I'll add prints of those PIDs, etc. before I run this again.

When this has gone well, I typically run my script via at, and have a & on the invocation of the script. On weeks where I'm manually waiting for last week's run to finish, or I'm trying to keep a closer eye on this, I'll run it like myscript.sh & and then run disown %% so that if my shell is dropped, the command will not. I suspect that may be similar to what you're seeing. I also notice that it's not typical that the rsync processes will die if kill PFP, so that seems to agree.
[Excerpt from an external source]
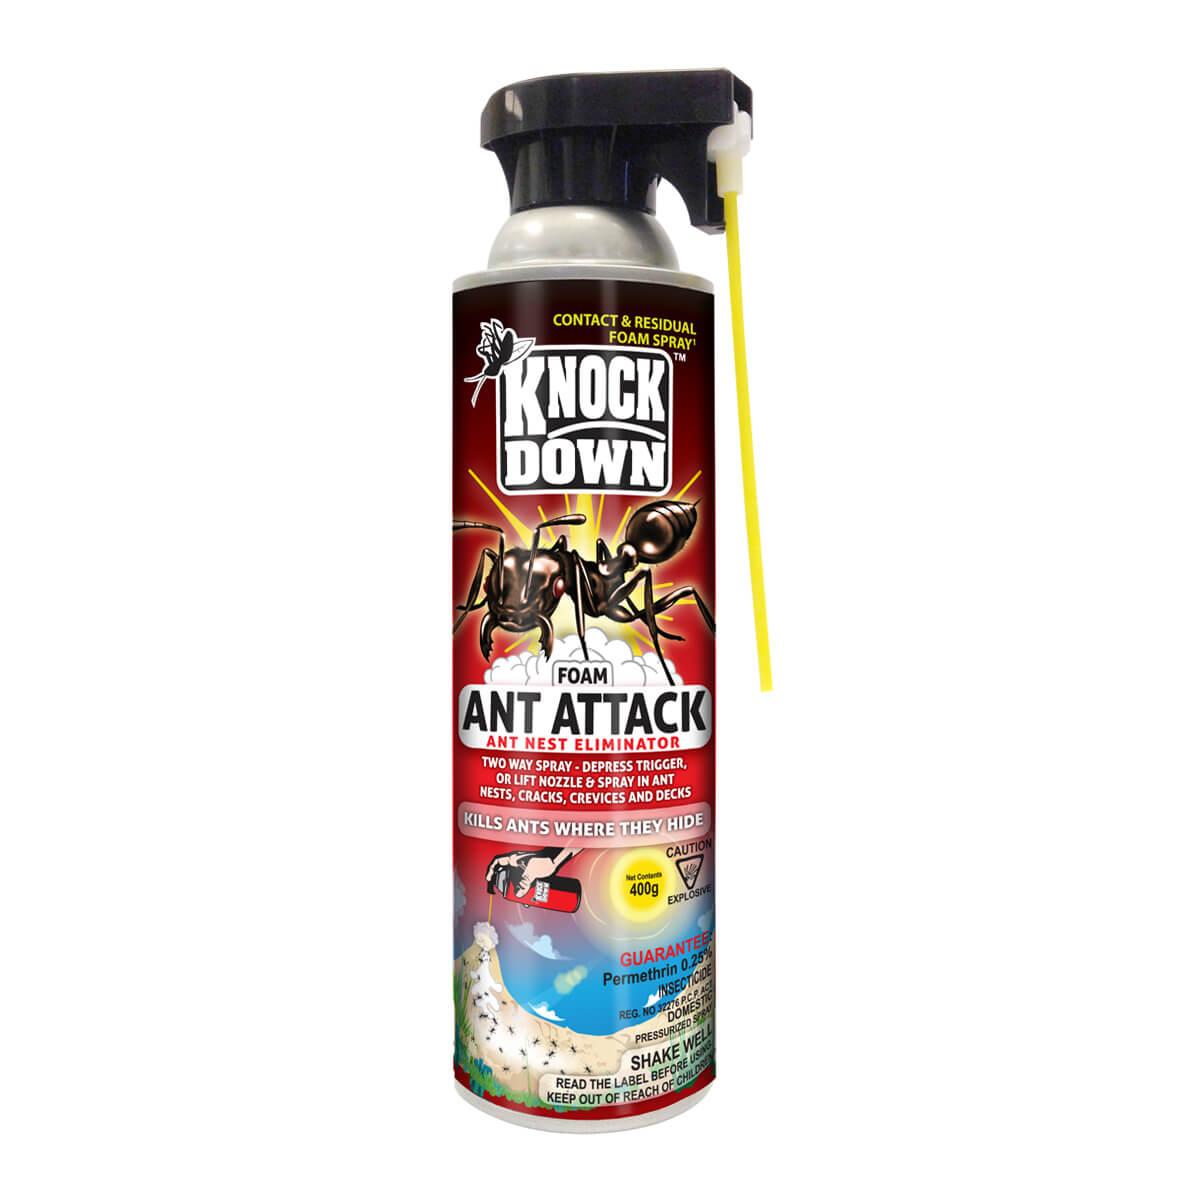 Knock Down Ant Attack Nest Eliminator Foam - 400 g

We don't run PFP itself inside that script with an & or anything

I know at one time there was a bug where PFP wasn't careful to confirm that one of the rsync PIDs wasn't reused by something else. Since this runs for several days on our system -- I believe this week Tuesday at 23:00 to sometime late Saturday -- there is more chance for that to happen. But I believe you already made changes in that area.

We'll see what it prints out this go 'round.

Re: the fpart error, the filenames don't appear to crash rsync. Another interesting thing that happens in this area (probably better for another ticket -- I only raised the fpart problem at all in case it related to this early exit problem somehow) is that the rsync processes that run within PFP complain about problem filenames, whereas the final rsync that we run with --delete does not. But I think the reason there is that somewhere upstream -- likely the fpart step -- is dropping special characters, and the file doesn't exist at a name that does not contain them. The final rsync is silent on these/does appear to transfer them.

This didn't happen on this run, though I ran it via at without the &. I may go back to the other way next week to see if that exposes whatever is going on.

Here's the output I did capture, at any rate:

Time to debug weird exit:
rPIDs: 14315 22586
sPIDs:
CUR_FPI: 33
nbr_cur_fpc_fles: 33
FPART_RUNNING: 0
Time to debug weird exit:
rPIDs: 14315 22586
sPIDs:
CUR_FPI: 33
nbr_cur_fpc_fles: 33
FPART_RUNNING: 0
02.54.30   262.62     4.96      60.26 / 0.00             2    <>   0          [33] of [33]
Time to debug weird exit:
rPIDs:
sPIDs:
CUR_FPI: 33
nbr_cur_fpc_fles: 33
FPART_RUNNING: 0
^[[1;34mINFO: Done.  Please check the target to make sure
  expected files are where they're supposed to be.
^[[0m^[[1;34mINFO:
    The parsyncfp cache dir takes up [439M      /root/.parsyncfp-backups-projectsc]
    Don't forget to delete it, but wait until you are sure that your job
    completed correctly, so you don't need the log files anymore.